The newspaper says that two Boko Haram commanders and 49 other terrorists have surrendered to the Nigerian Army in Borno State.

The commanders, Ba’a Usman and Alhaji Ari, laid down their arms on November 20, 2022 to troops of Operation Hadin Kai (OPHK) patrolling Damboa Local Council.

A counter-insurgency expert in the Lake Chad region, Zagazola Makama, disclosed in Maiduguri, yesterday: “Preliminary investigation of the military revealed that the insurgents came out from Sambisa forest. The terrorists had been hiding and waging campaigns of terror from the forest.”

According to him, over 90,000 terrorists and their families in the North East have already surrendered to the Army.

Military sources in Maiduguri said: “The sustained onslaught on the terrorists with kinetic and non-kinetic approaches led them to massively surrender.
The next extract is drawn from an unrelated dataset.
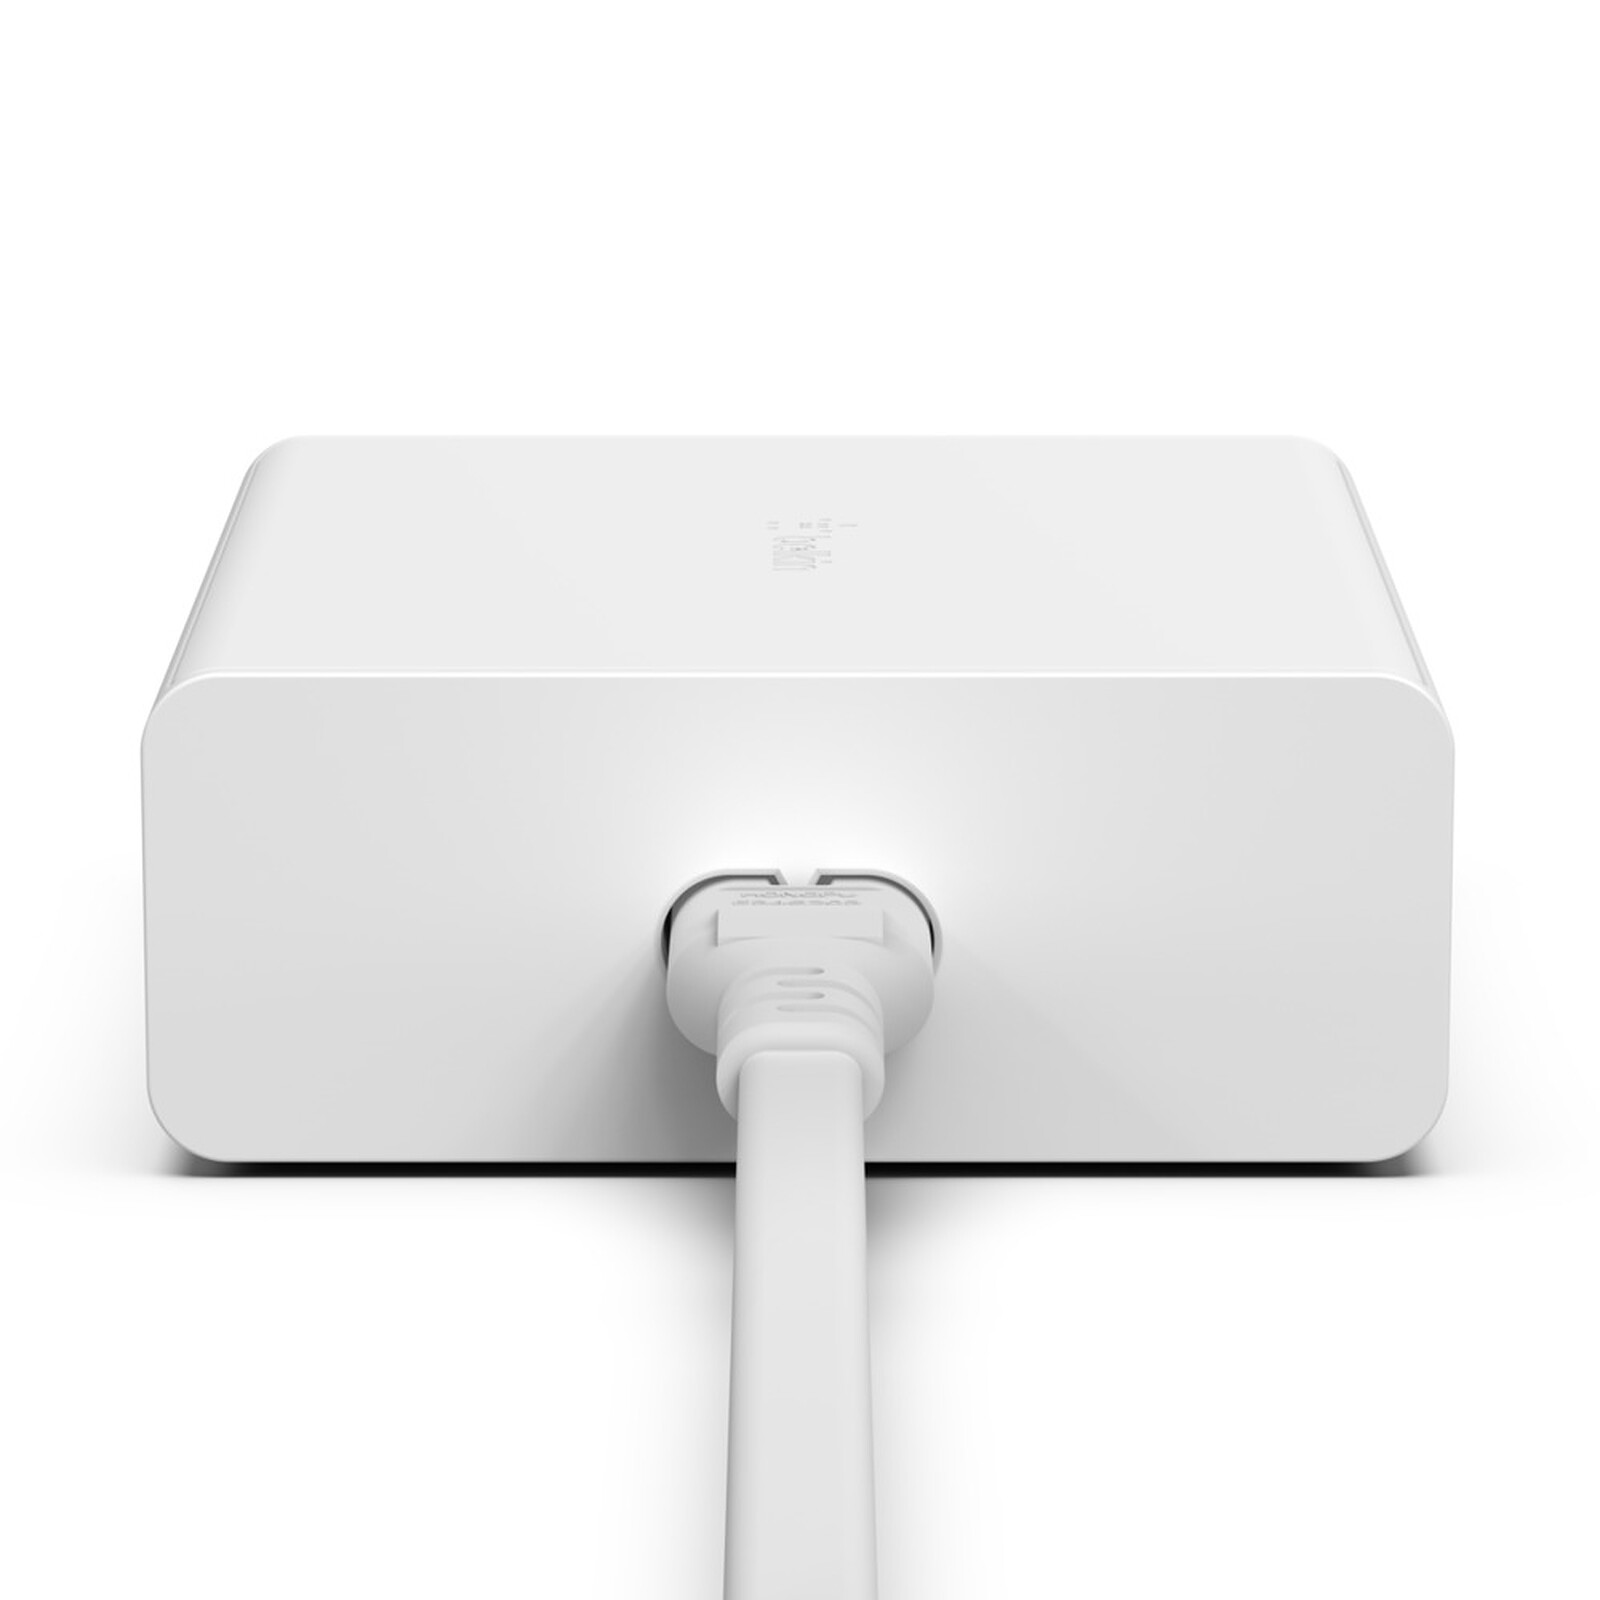 Chargeur secteur Belkin USB-C 25W pour iPhone et iPad

The state government has already established four camps for their rehabilitation and integration into communities.”

In a related development, Kaduna State Police Command has said security operatives have rescued 76 kidnap victims in Giwa Local Council and inflicted injuries on their captors as they flee from heavy fire from the police.

The police Public Relations Officer (PPRO), Mohammed Jalige, said the victims were passengers from Sabon Birni Local Council of Sokoto State travelling to different destinations.

The Guardian also reports that as part of solutions for Nigeria to end its poverty trap, the country requires about N5 to N7 trillion yearly to fund the operation of a thorough well-managed social security system.

Experts are of the view that Nigeria with a Gross Domestic Product (GDP) of $440 billion and being the largest economy in Africa, but caught in a deep poverty cycle, rethinking social protection that is well-organised, expertly planned and supported by national law remained necessary.

A report on ‘Nigeria’s Poverty Trap – And How To End It’ by the Institute for Governance and Economic Transformation (IGET), identified poorly designed social protection measures, limited coverage, lack of consistency, lack of data and corruption as some of the causes of inadequate social protection.

It stated that such a comprehensive social protection system needed to be independently and expertly examined, reviewed and monitored to stop leaks caused by fraud and corruption.

According to the report, implementing the measures while incorporating structural reforms will increase the chances of controlling the rise of poverty as a “growth industry” in the short term, while structural reforms will start to show results in the medium term.

The report, which was authored by IGET Founder and President, Kingsley Moghalu and a Research Fellow at IGET, Damian Ude, said the country’s poverty trap was brought about by a failure of nationhood and governance.

It listed reasons such as inequality and marginalisation, conflict, lack of education and skills; lack of employment or other means of support, high food prices that reduce their purchasing power, the effects of climate change such as floods and droughts, lack of savings, inadequate social welfare and social security programmes provided by the government and unchecked population growth as reasons people live in poverty.

They argued that it was because the political elite had placed a considerably greater emphasis on self-serving state capture for patronage and sectarian interests than on a sincere desire to end poverty.

According to them, a broken and corrupt political system has created the wrong priorities.